The Occupational Safety and Health Administration (OSHA) of the U.S. Department of Labor has cited Capeway Roofing Systems, Inc., of Westport, Massachusetts, for alleged WILLFUL, REPEAT, SERIOUS and other violations of the Occupational Safety and Health Act at a fire station construction project in South Weymouth, Mass., and has proposed penalties totaling $119,000 for the alleged violations.

According to Brenda Gordon, OSHA area director for Boston and Southeastern Massachusetts, the alleged violations were uncovered during an OSHA inspection of the fire station construction project located at 246 Park Ave., South Weymouth, Mass. She noted that the inspection took place on April 24, 2000, and revealed that employees of Capeway Roofing Systems, who were constructing the roof of the station, were completely unprotected from falls of over 20 feet.

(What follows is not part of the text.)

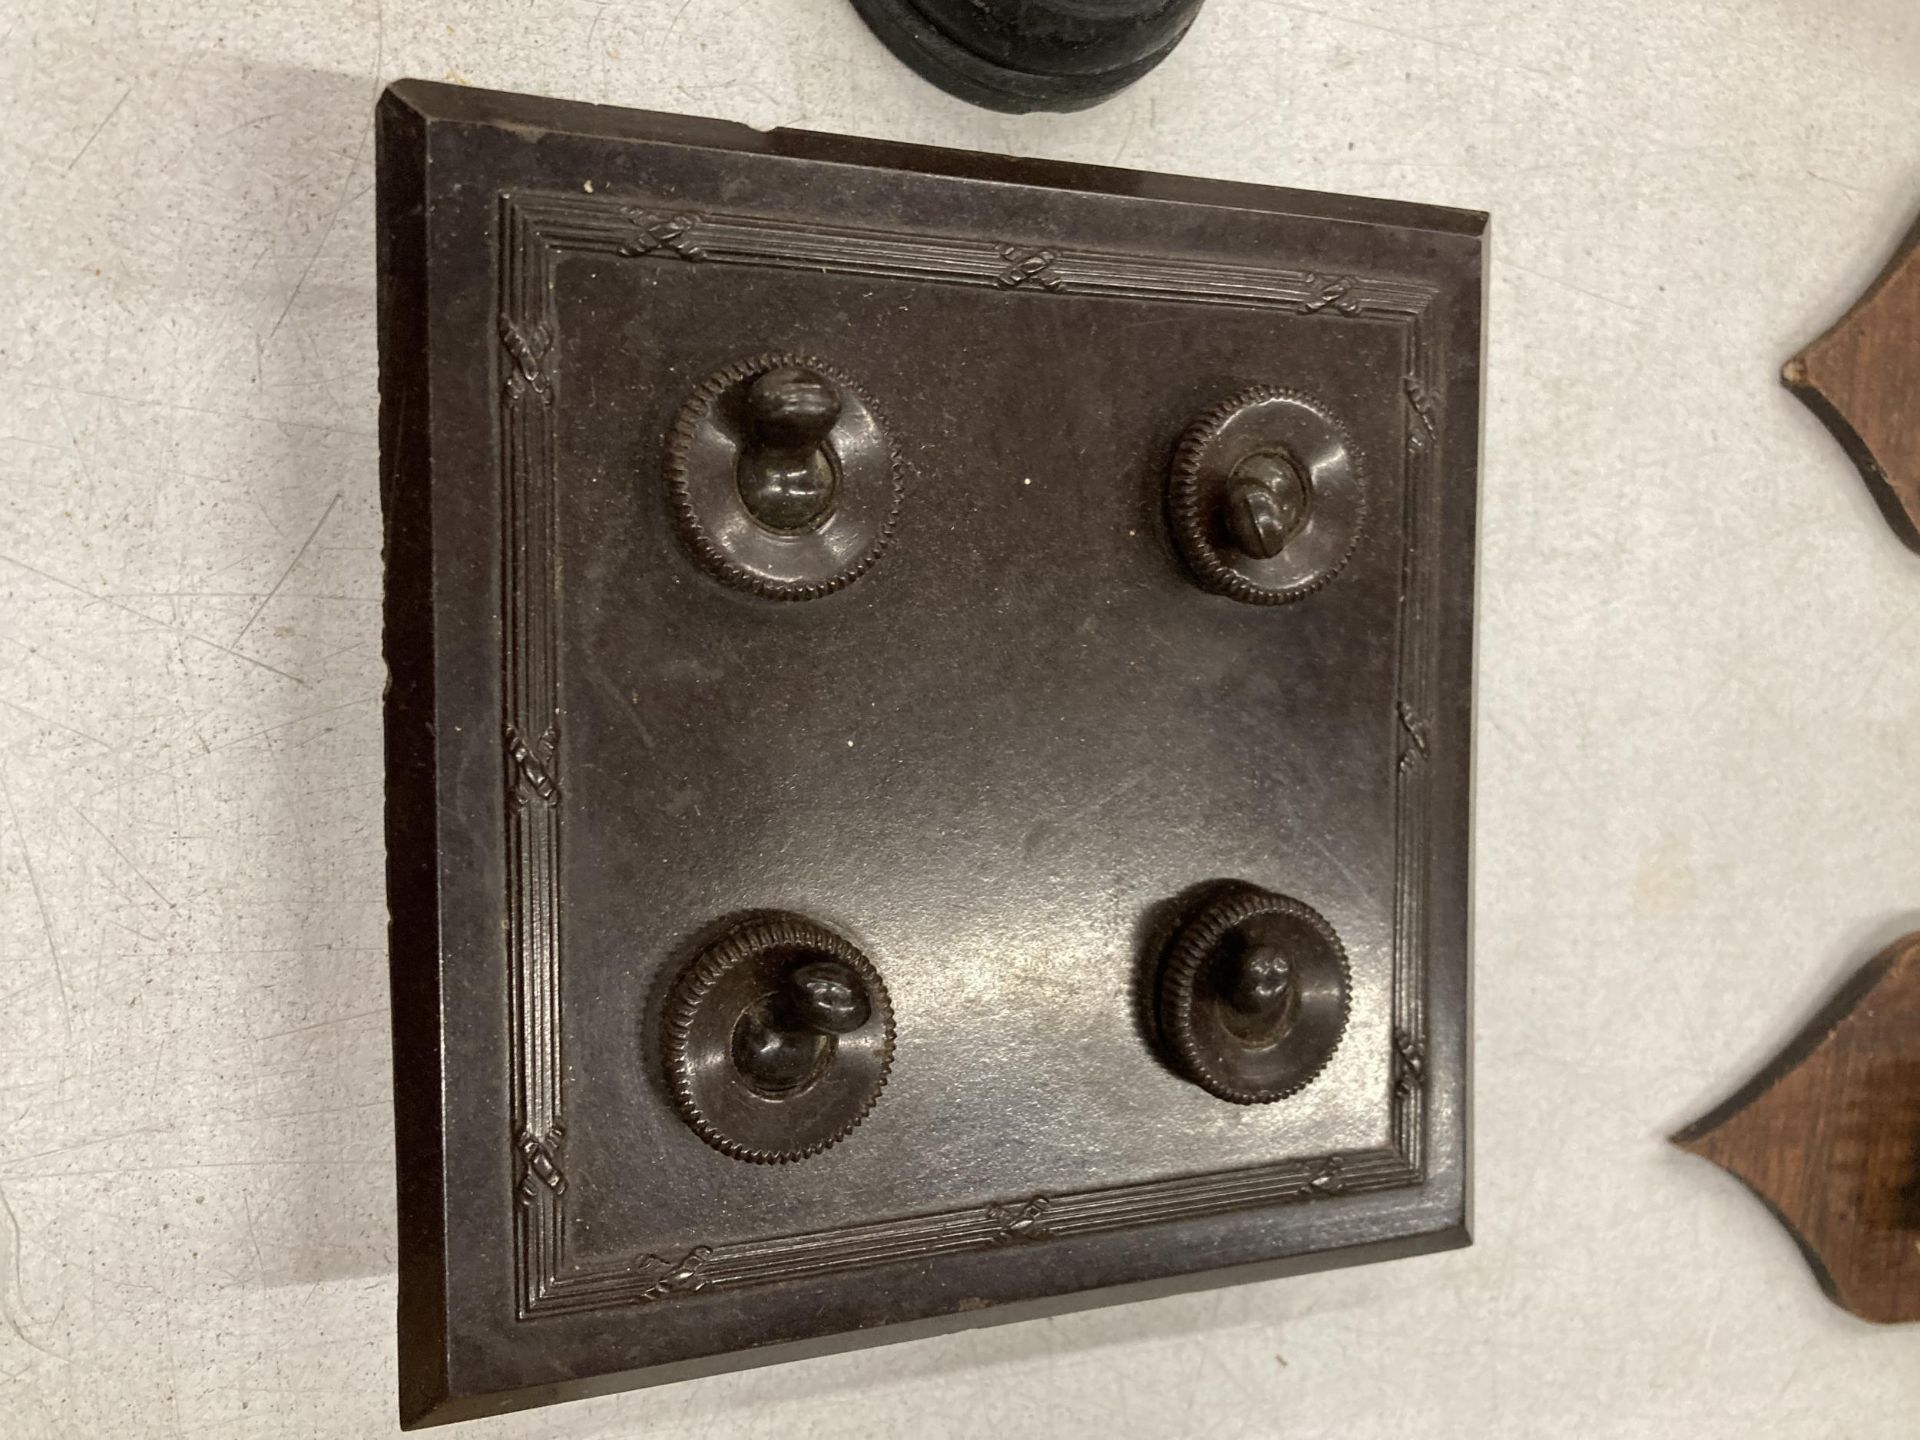 AN ART DECO 4 GANG LIGHT SWITCH AND BELL PUSH - Image 3 of 3

"This was a very hazardous work site situation," Gordon said, "created by an employer who is well aware of OSHA's fall protection safety standards, since this employer has been cited for similar violations before. It's unfortunate when any employer exposes employees to a hazardous workplace situation, but it's totally inexcusable when an employer fully aware of applicable safety requirements willfully does so. That's why we are citing Capeway Roofing Systems for alleged willful and repeat violations, as well as serious and other violations of OSHA's fall protection requirements."

Specifically, the company is being cited for:

  • One alleged WILLFUL violation, carrying a proposed penalty of $63,000, for: requiring employees to work on a steeply pitched roof between 21 to 26 feet above the ground with no fall protection;

  • Three alleged REPEAT violations, including proposed penalties totaling $44,000, for: failing to protect employees walking and working on low sloped roofs from falls ranging from over six feet to over 20 feet [the employer has been cited previously for similar violations three times]; creating over-head hazards and fall hazards by storing roofing materials and equipment within a few feet of roof edges [the employer was previously cited once for a similar violation]; and, failing to train employees to recognize the hazards of working on roofs and failing to train them in the use of fall protection systems [the employer has been cited once for similar violations].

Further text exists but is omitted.